Give back exactly the lines from the start of the entries below to the line holding "Sunlit Sidewalk Cafe", that line included, and leave every picture out.

━━━━━ SOURCE MATERIAL

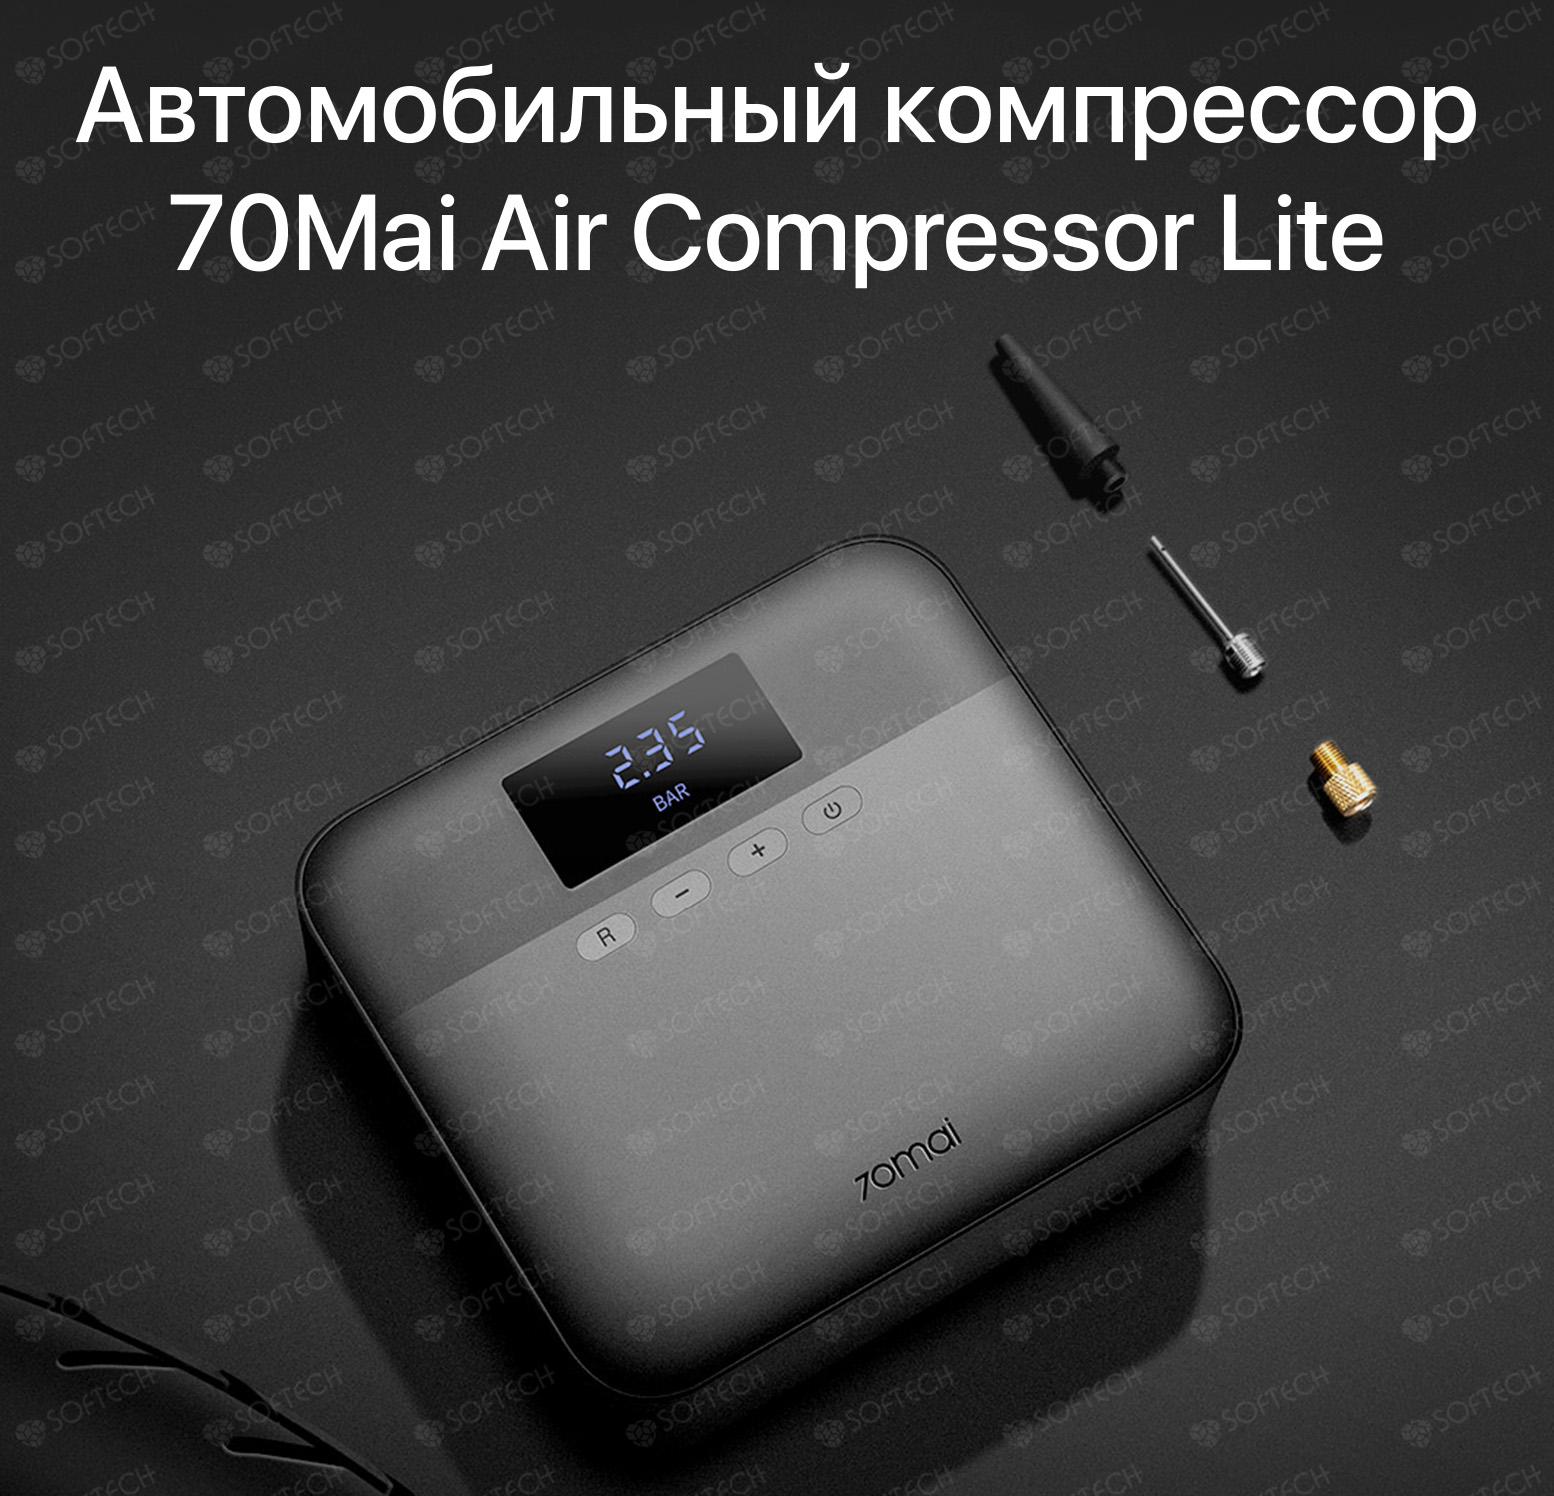 70mai air compressor tp03. Автомобильный компрессор Xiaomi 70mai Air Compressor Lite. Автомобильный компрессор 70mai Air Compressor MIDRIVE tp01. Автомобильный компрессор Xiaomi 70mai Air Compressor MIDRIVE tp01. Автомобильный компрессор 70mai Air Compressor Lite черный.
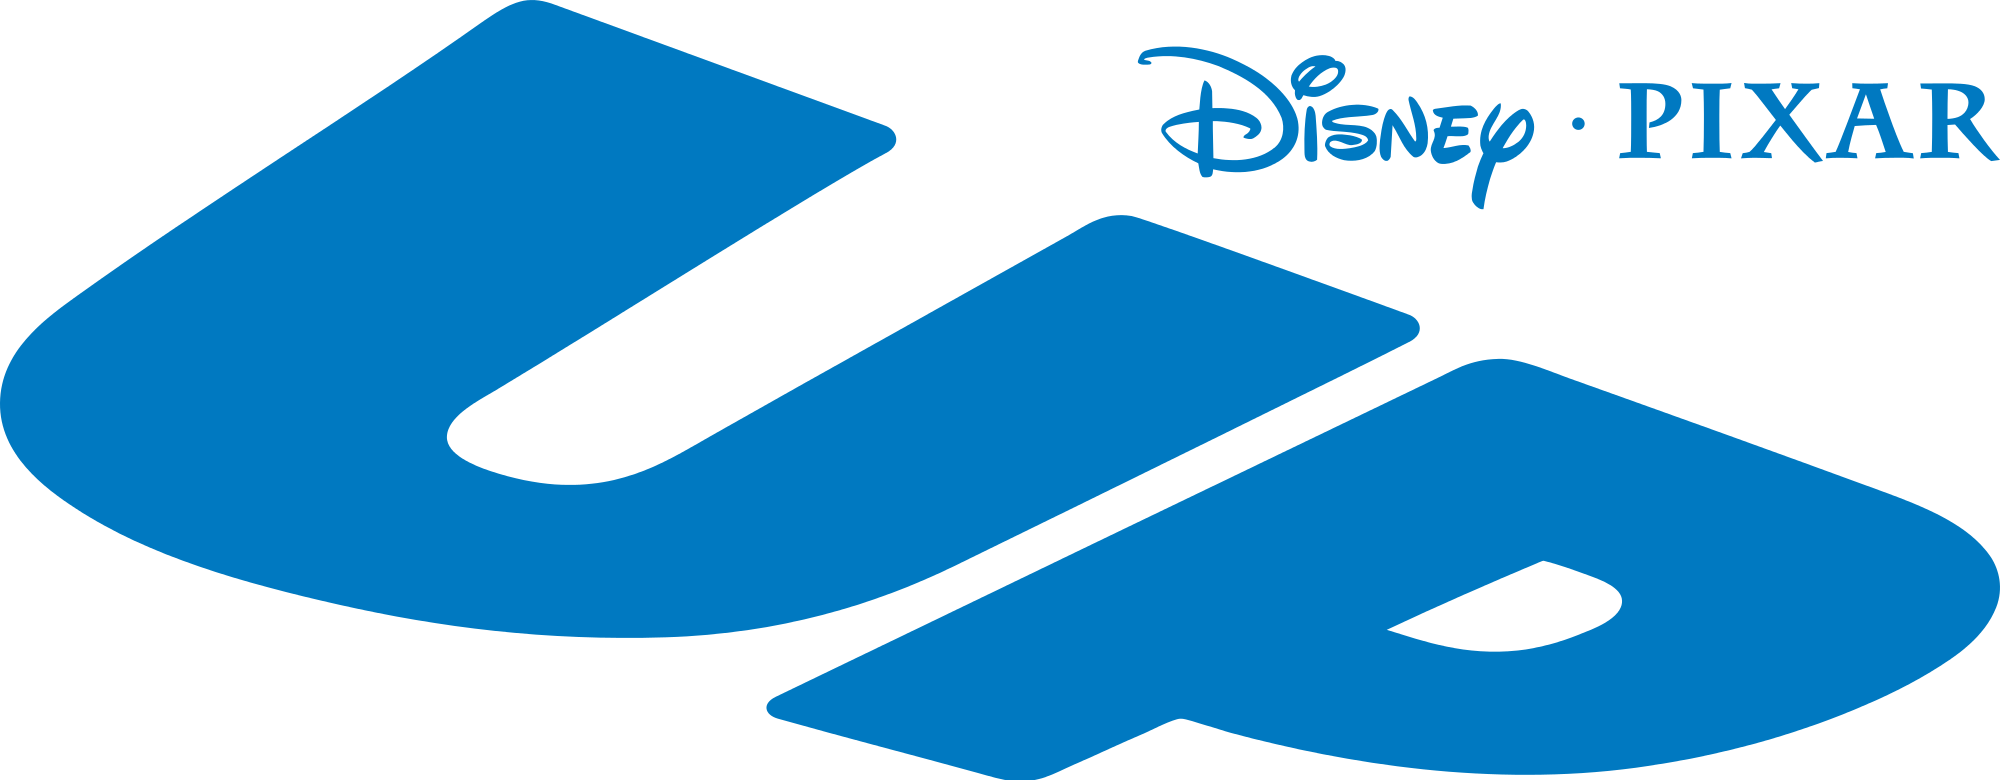 Disney Pixar Up Logo - Up (film) | Logopedia | FANDOM powered by Wikia
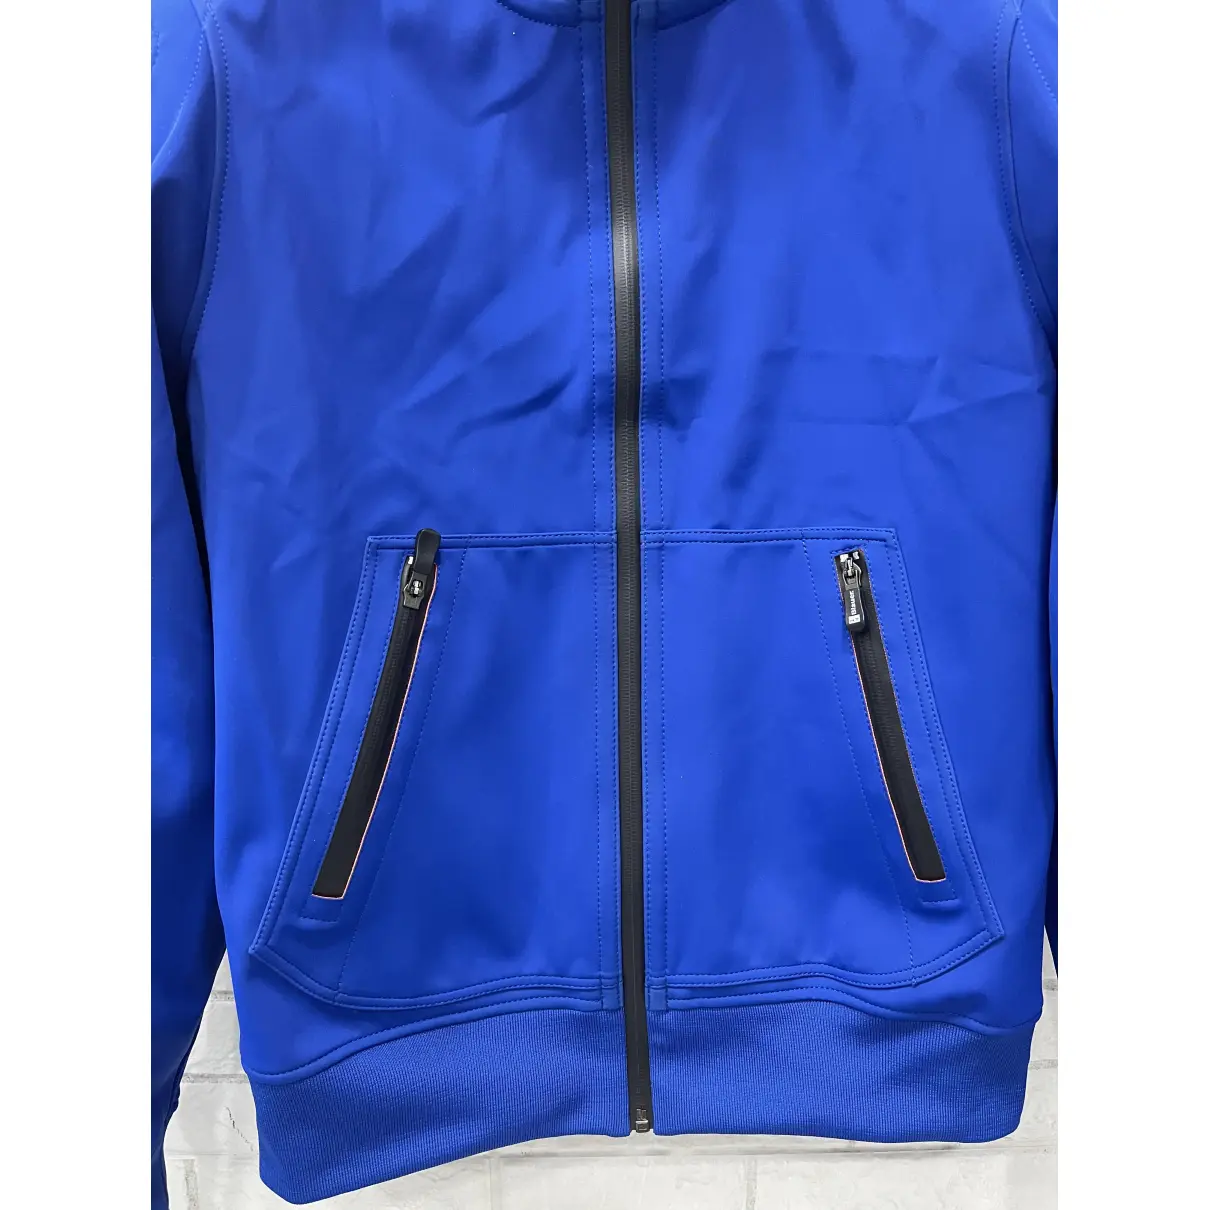 Buy Blauer Jacket online
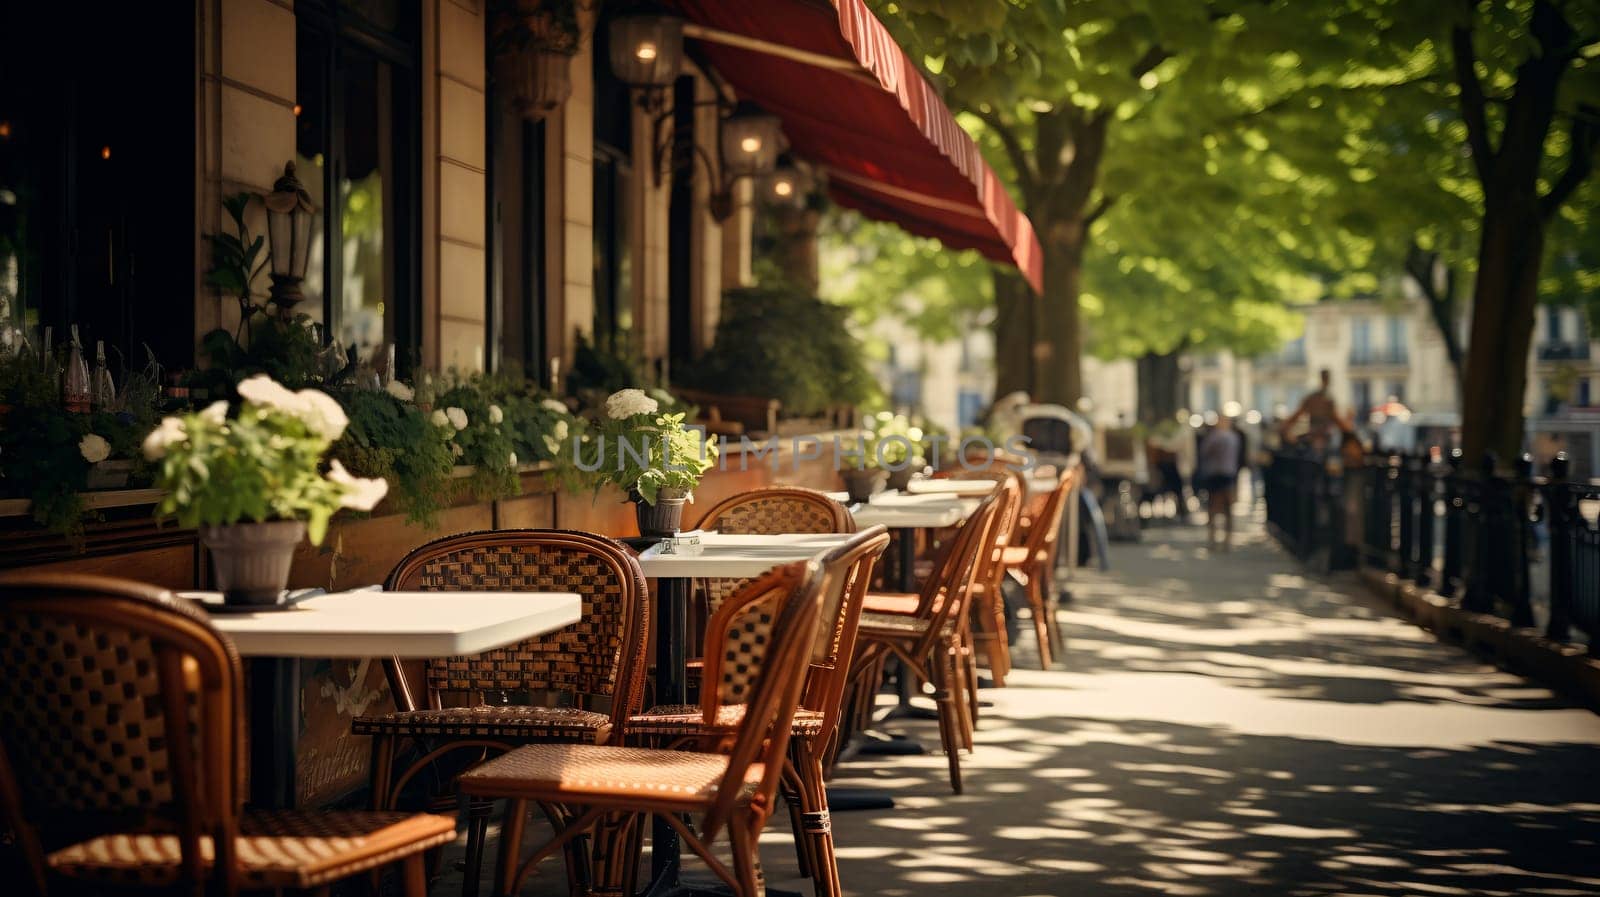 Sunlit Sidewalk Cafe in Early Morning by chrisroll
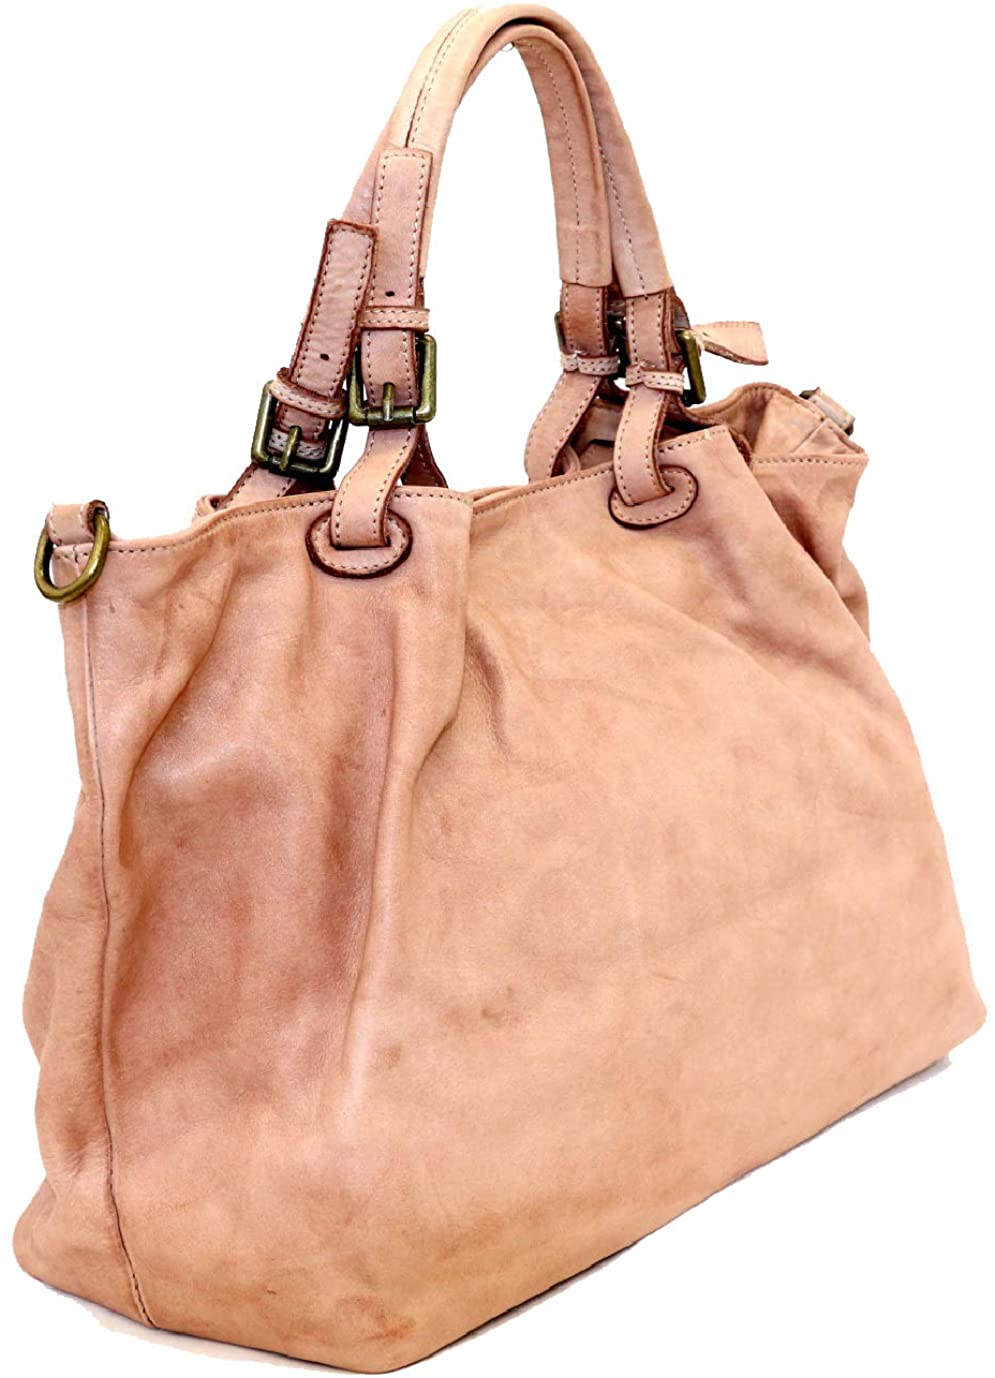 BZNA Bag Fee schwarz Lederfarben Italy Designer Damen Handtasche Schultertasche Tasche Calf Leather Shopper Neu

━━━━━━━━━━

### OUTPUT FOR THIS TASK
 70mai air compressor tp03. Автомобильный компрессор Xiaomi 70mai Air Compressor Lite. Автомобильный компрессор 70mai Air Compressor MIDRIVE tp01. Автомобильный компрессор Xiaomi 70mai Air Compressor MIDRIVE tp01. Автомобильный компрессор 70mai Air Compressor Lite черный.
 Disney Pixar Up Logo - Up (film) | Logopedia | FANDOM powered by Wikia
 Buy Blauer Jacket online
 Sunlit Sidewalk Cafe in Early Morning by chrisroll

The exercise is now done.